THE DATA:

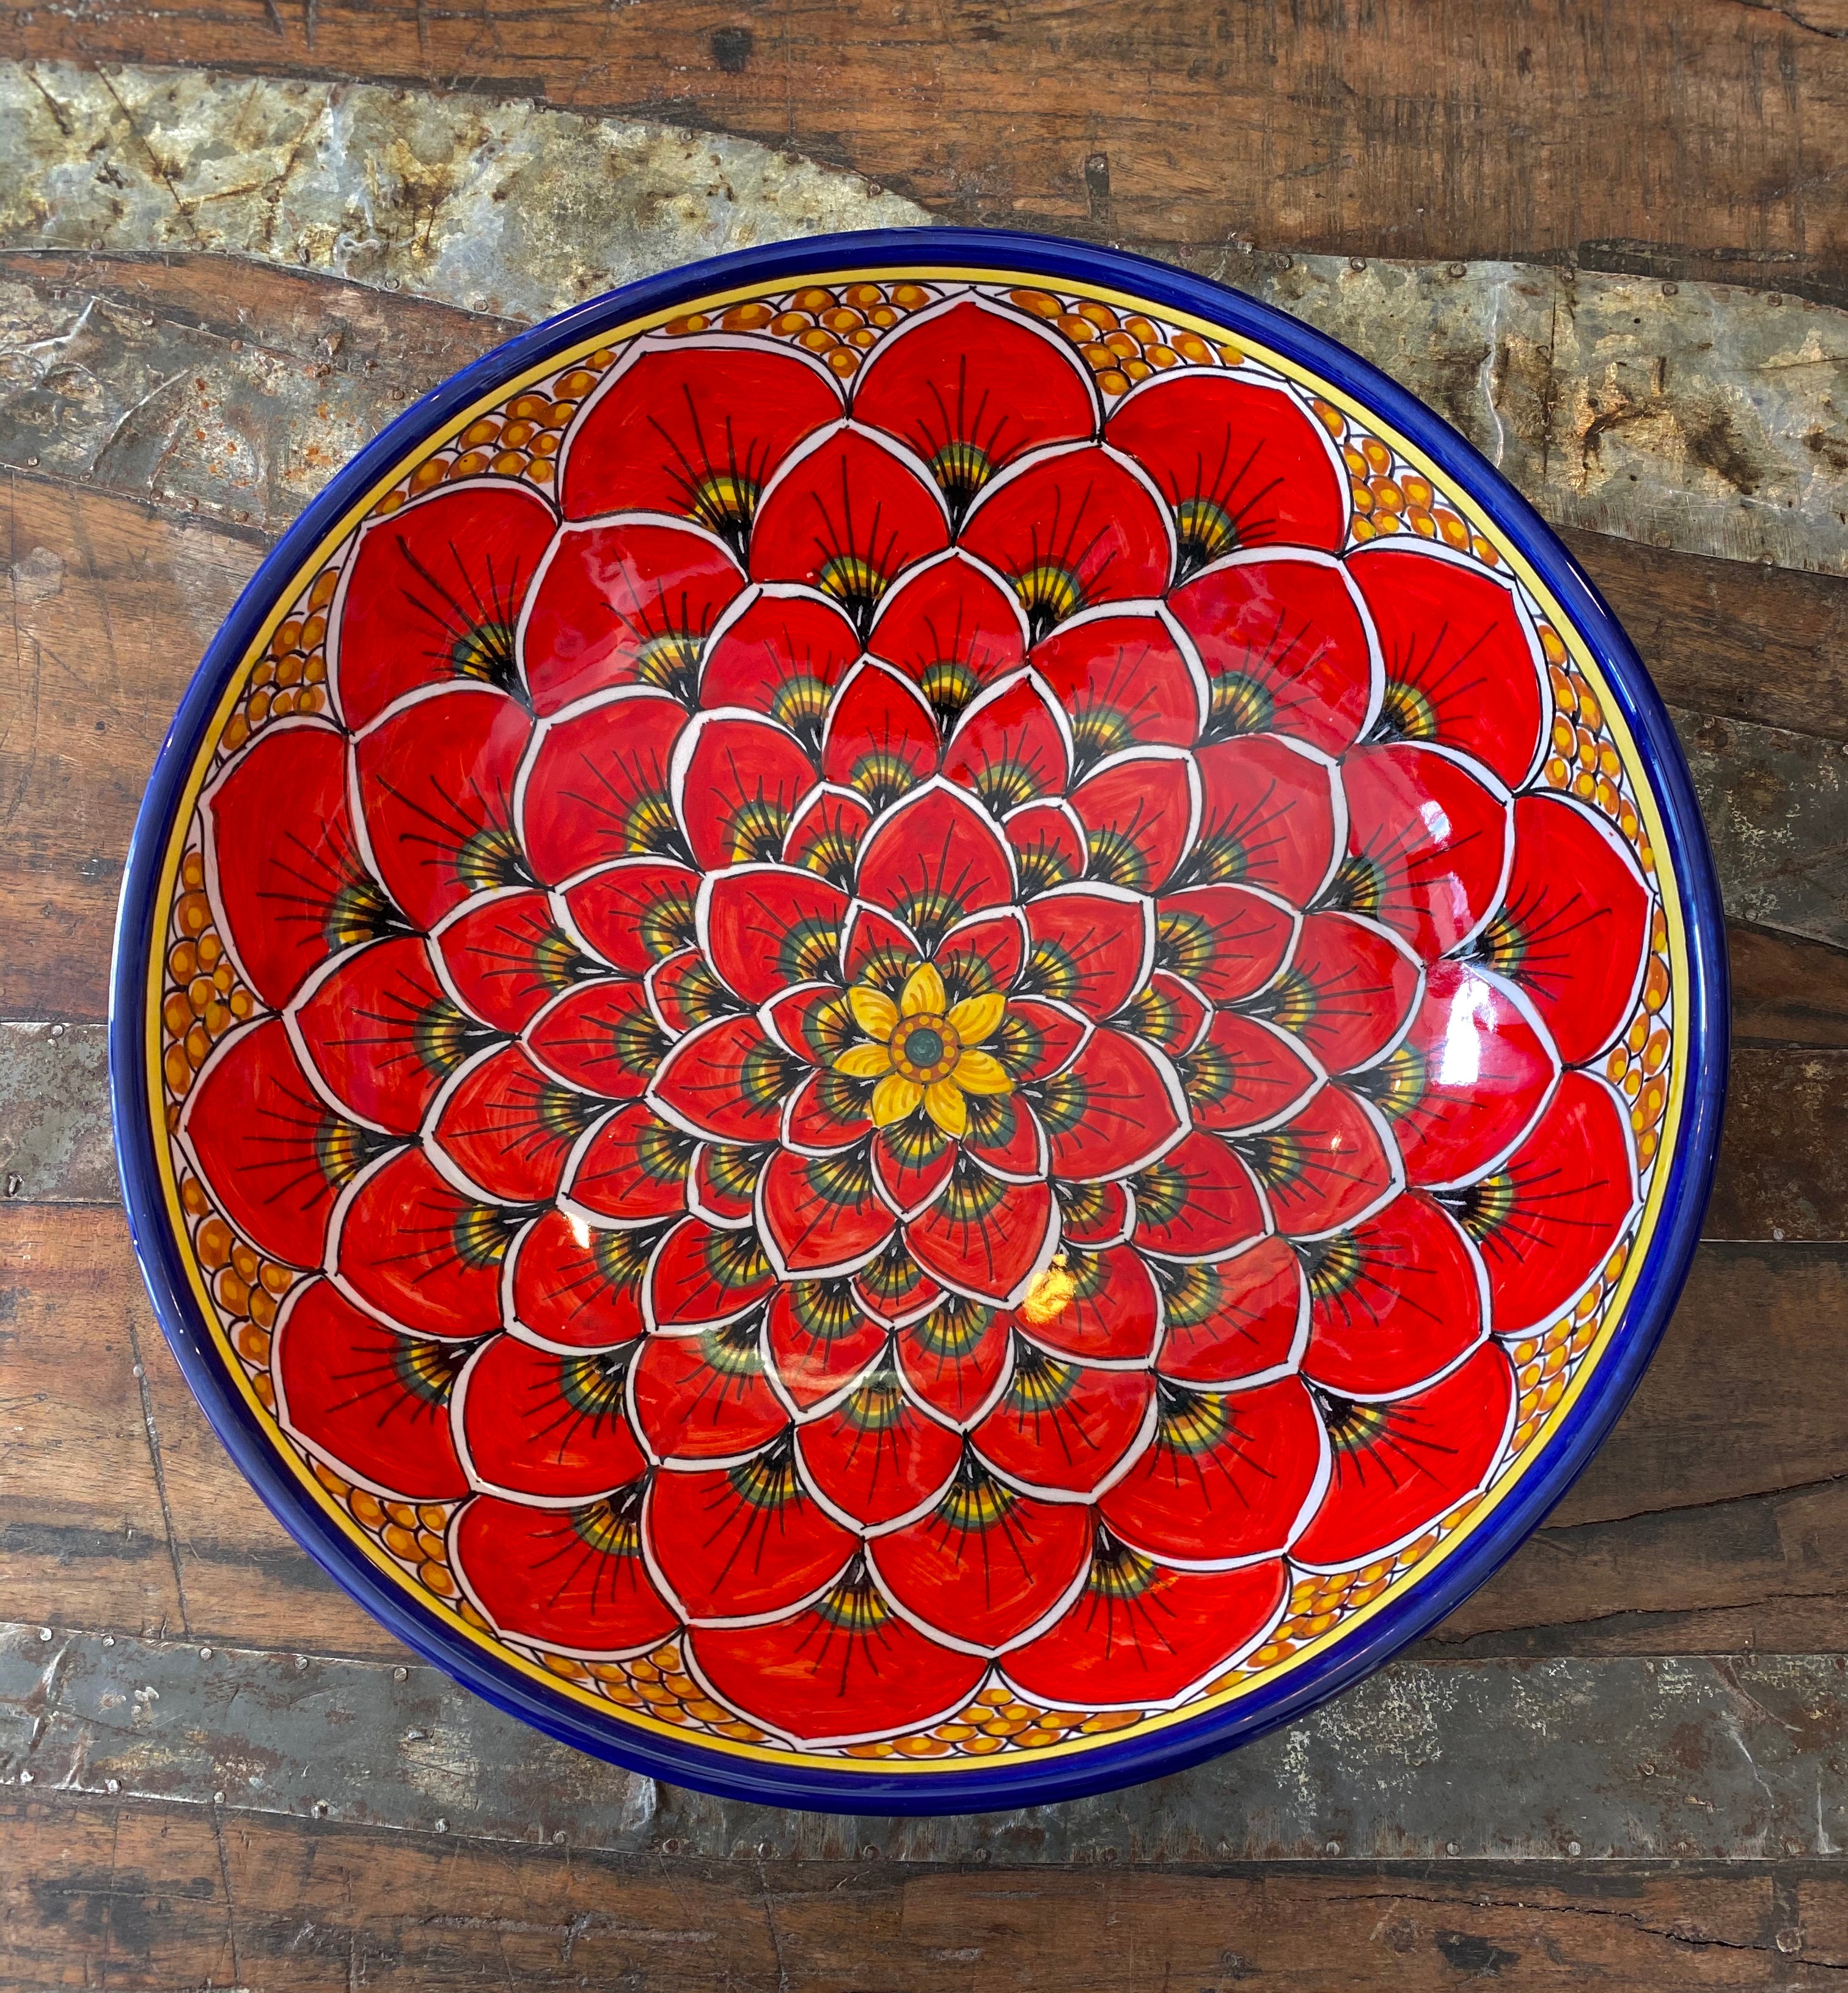 Geribi Salad Bowl (PG04) Red Peacock Design, ceramics, pottery, italian design, majolica, handmade, handcrafted, handpainted, home decor, kitchen art, home goods, deruta, majolica, Artisan, treasures, traditional art, modern art, gift ideas, style, SF, shop small business, artists, shop online, landmark store, legacy, one of a kind, limited edition, gift guide, gift shop, retail shop, decorations, shopping, italy, home staging, home decorating, home interiors
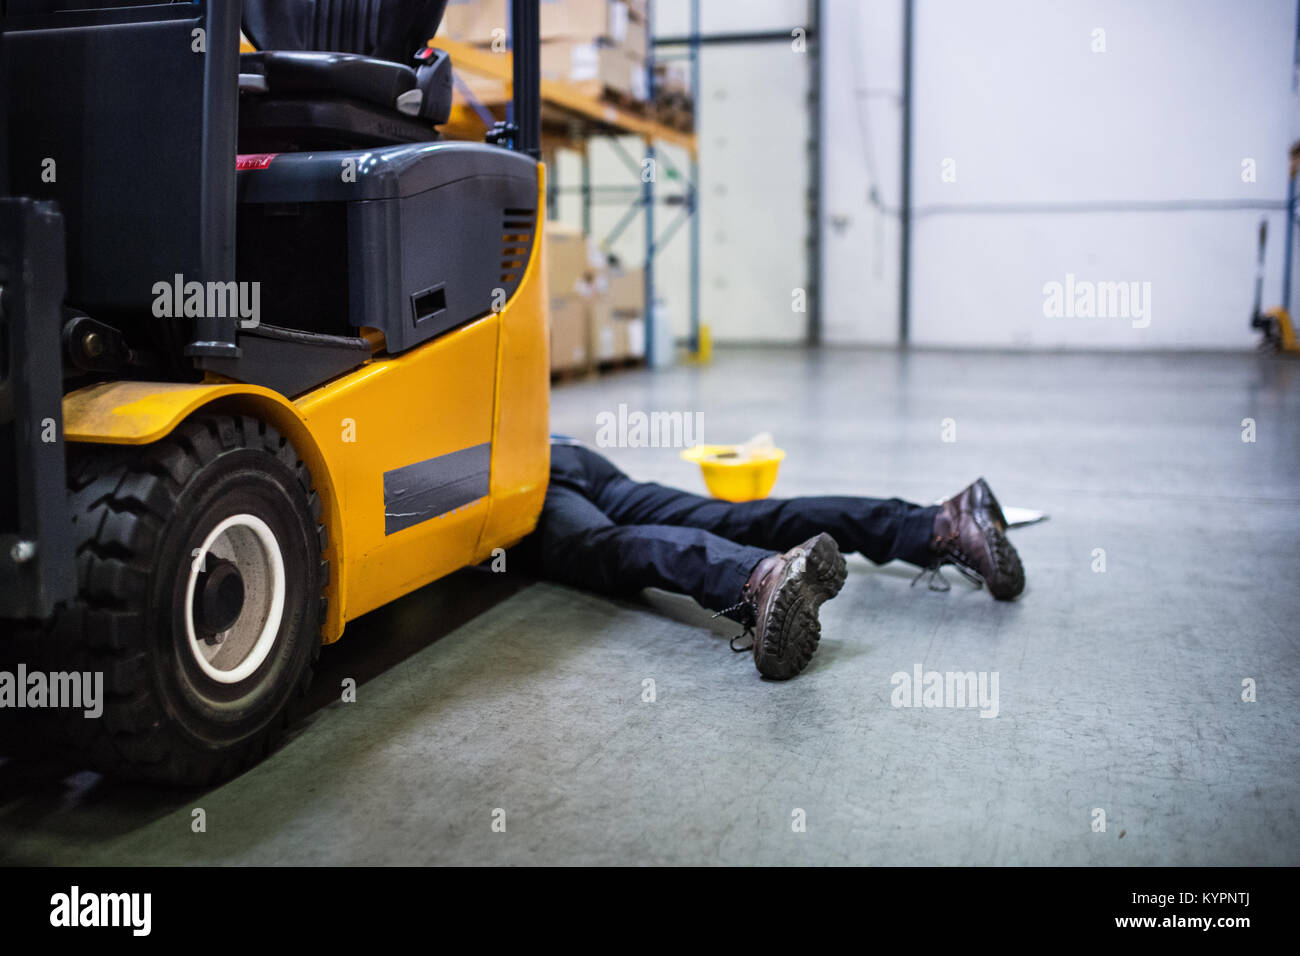 Warehouse Worker After An Accident In A Warehouse Stock Photo Alamy
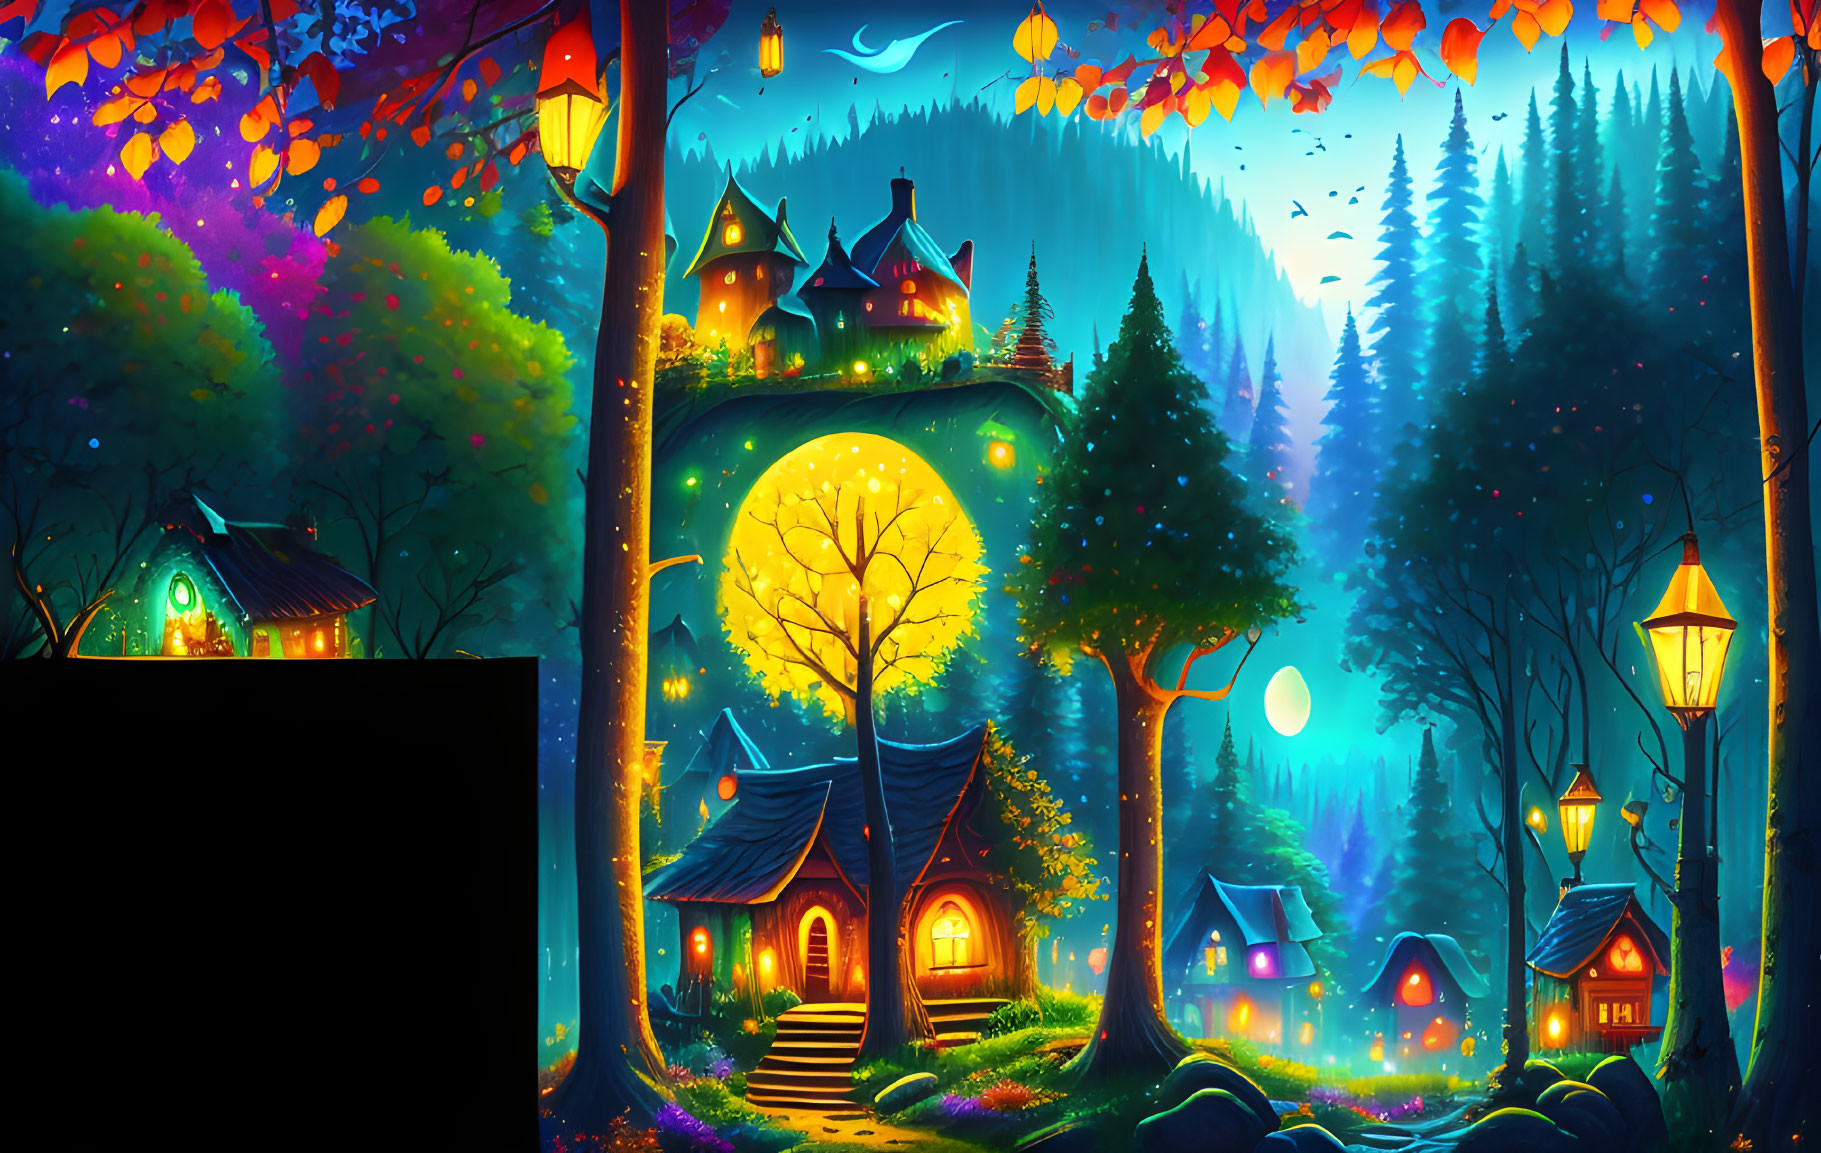 Colorful Trees and Whimsical Cottages in Nighttime Fantasy Landscape

YOUR OBJECTIVE: Write out the whole of the data exactly; the pictures stay out.

RESPONSE FOR THIS EXERCISE:
 Geribi Salad Bowl (PG04) Red Peacock Design, ceramics, pottery, italian design, majolica, handmade, handcrafted, handpainted, home decor, kitchen art, home goods, deruta, majolica, Artisan, treasures, traditional art, modern art, gift ideas, style, SF, shop small business, artists, shop online, landmark store, legacy, one of a kind, limited edition, gift guide, gift shop, retail shop, decorations, shopping, italy, home staging, home decorating, home interiors
 Warehouse Worker After An Accident In A Warehouse Stock Photo Alamy
 Colorful Trees and Whimsical Cottages in Nighttime Fantasy Landscape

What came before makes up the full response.